Al progetto Stem4Art partecipano gli alunni di 8 Istituti: Il Liceo “A. Diaz” e l’I.C. “Mimmo Beneventano” di Ottaviano, il Liceo “De’ Liguori” di Acerra; l’I.C. “A. Moro” di Casalnuovo; l’I.C. Colleferro (Lazio), l’I.C. Correggio (Emilia Romagna), I.C. “Bella” e I.C. “Stella” (Basilicata). Il Liceo “A. Diaz” di Ottaviano è capofila della rete. La manifestazione finale si terrà a Ottaviano il 5 giugno.

 

Il centro di interesse del progetto è il patrimonio storico- artistico- culturale e paesaggistico dei territori in cui hanno sede e svolgono la loro attività gli Istituti che fanno parte della rete.

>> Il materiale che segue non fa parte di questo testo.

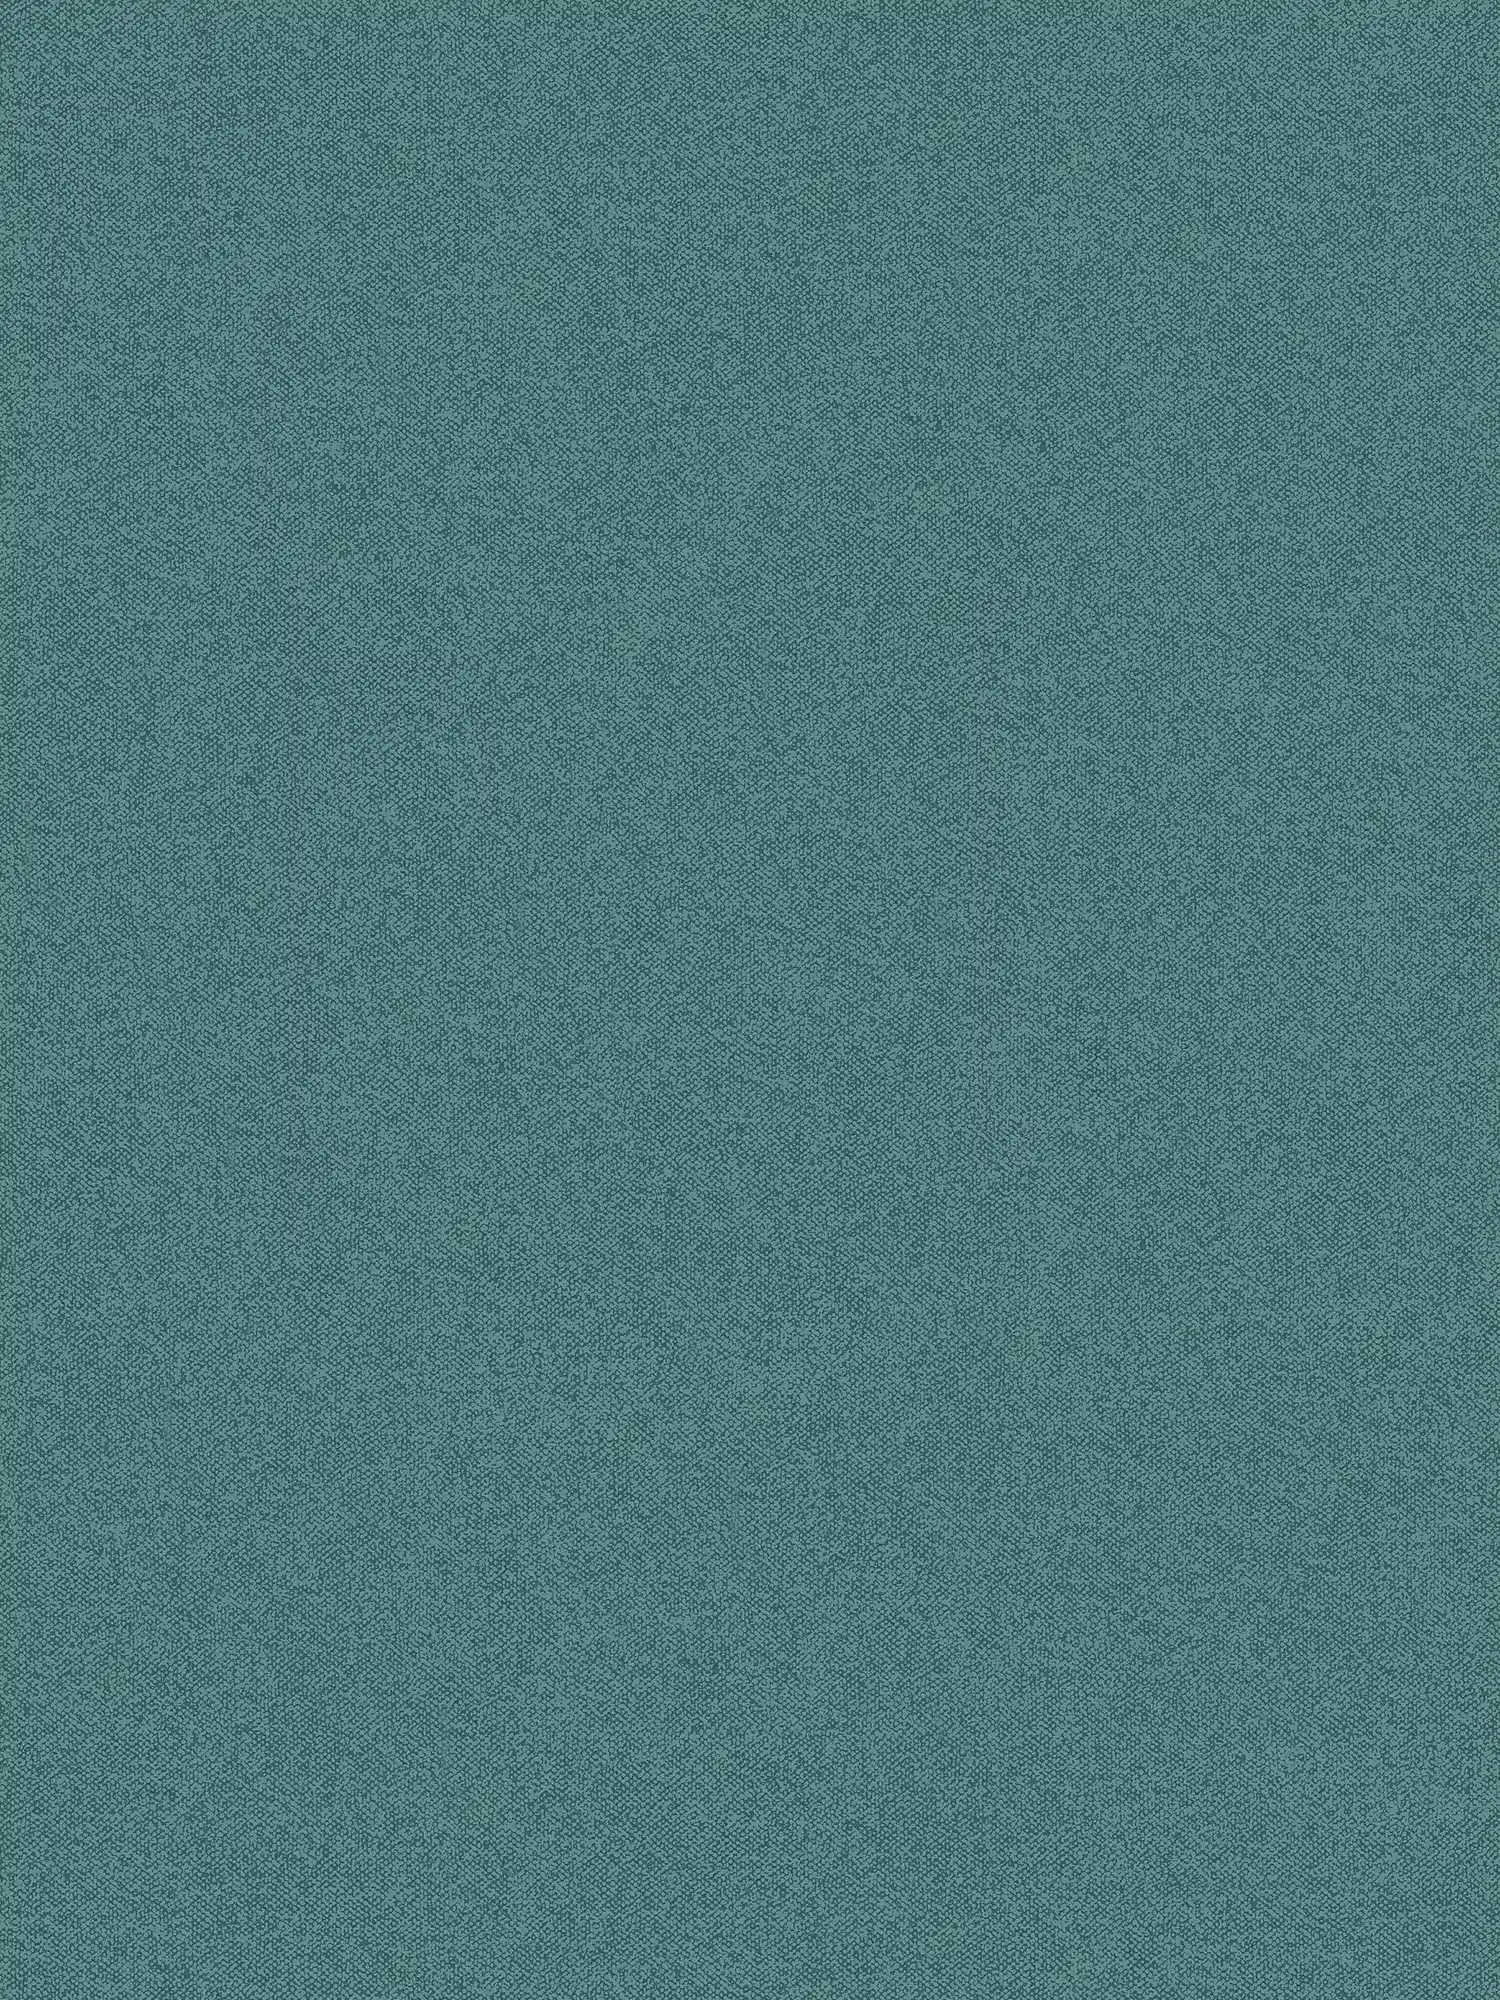 Carta da parati liscia con aspetto di lino, strutturata - verde, blu
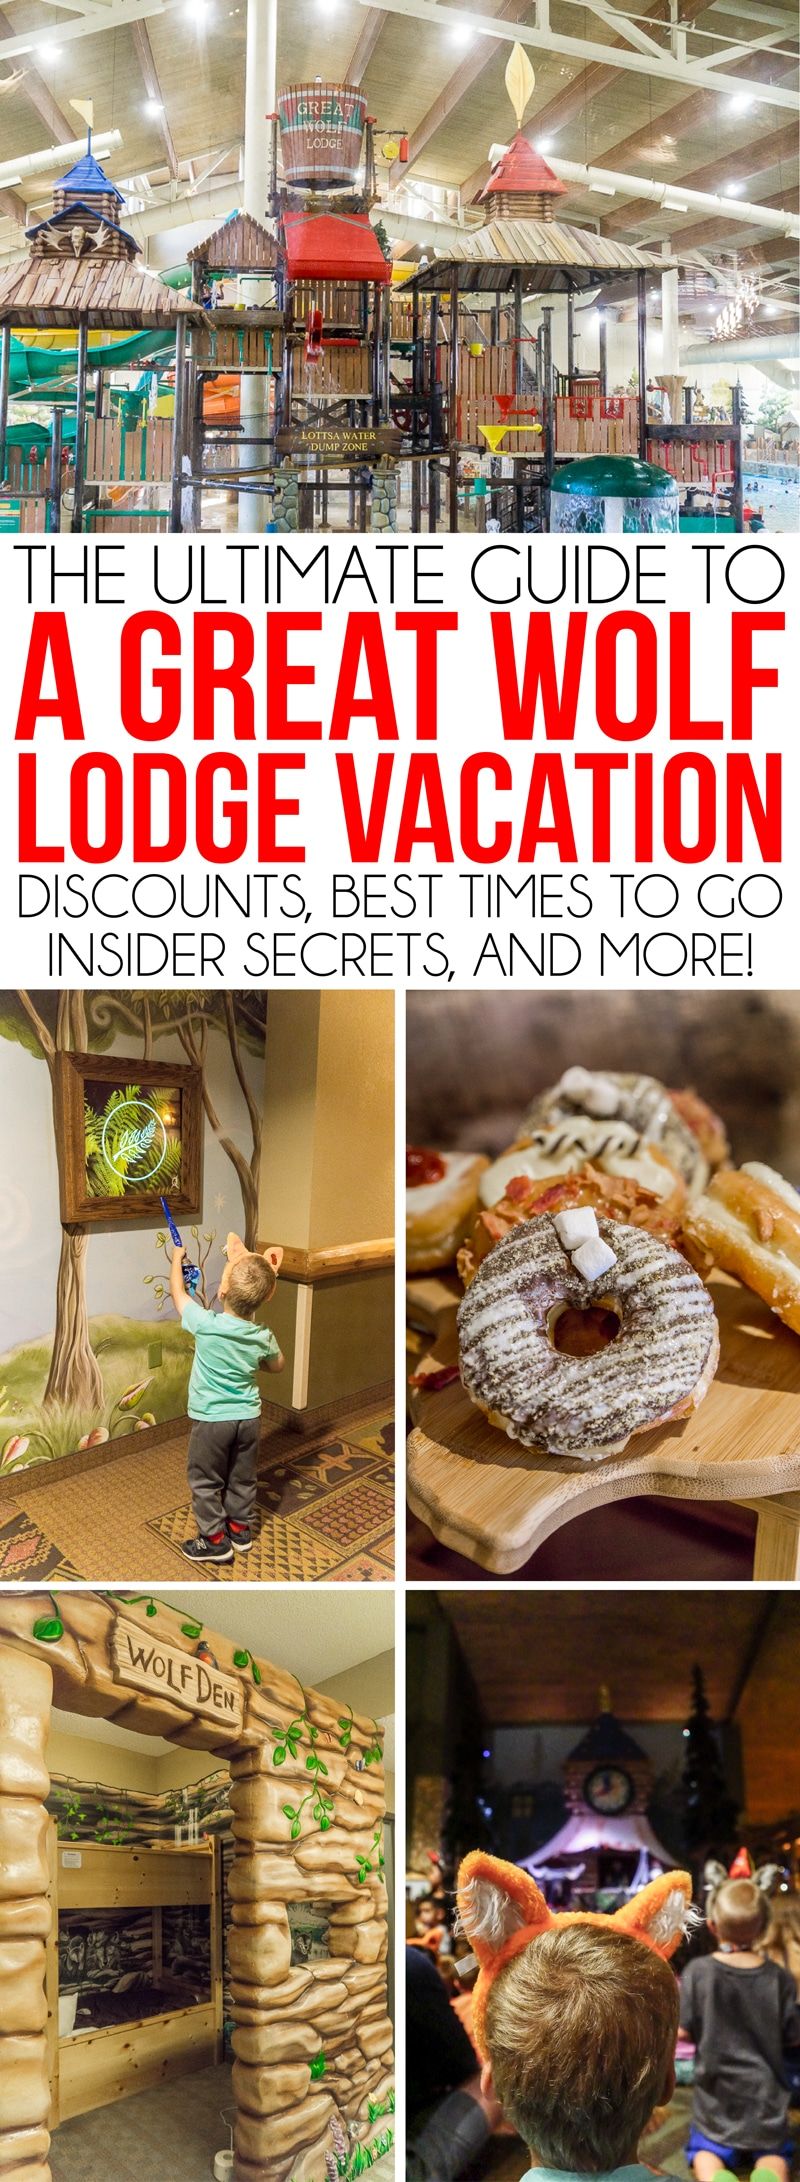 Great Wolf Lodge Grapevine е чудесно място за семейства с деца от всички възрасти

Questo patrimonio viene osservato, analizzato e “misurato” attraverso le discipline STEM (acronimo di Science (Scienza), Technology (Tecnologia), Engineering (Ingegneria) e Mathematics (Matematica). I ragazzi della scuola primaria sono stati impegnati nei laboratori “I sentieri dell’arte”, percorsi adatti all’osservazione del paesaggio e della natura, alla documentazione, alla progettazione e alla realizzazione di cartoni animati e di filmati, ambientati in giardini, parchi e boschi del territorio. Grande attenzione i ragazzi hanno dedicato alla misura del PH delle acque e ai valori biologici dei vegetali e degli organismi viventi, e usando le tecniche del “digital storytelling” essi hanno creato e registrato storie. Gli alunni della scuola secondaria di 1° grado hanno seguito “Le strade dell’arte”, progettando e realizzando cartine interattive e percorsi virtuali in 3D dei principali siti di interesse del territorio, hanno digitalizzato le opere d’arte e hanno allestito mostre con le riproduzioni in 3D. Gli studenti della scuola secondaria di 2°grado si sono dedicati alla progettazione di soluzioni “green” e “smart” per le proprie “città d’arte” e di percorsi ciclabili che si sviluppavano tra i luoghi significativi dal punto di vista artistico, culturale e paesaggistico. Il territorio è stato “mappato” con rilievi fotogrammetrici in 3D grazie all’ausilio di droni provvisti di fotocamere digitali. L’ interesse interdisciplinare degli studenti si è concentrato sugli archivi scolastici e sui documenti importanti dal punto di vista storico-sociale, che sono stati digitalizzati in “database”. Gli Istituti che facevano parte della rete hanno rispettato con il rigore della consapevolezza il principio della sinergia per far sì che i 1050 alunni impegnati nelle sezioni del progetto realizzassero gli scopi prefissati e coniugassero nei termini dell’efficienza e dell’efficacia le specifiche competenze di ciascuna Scuola.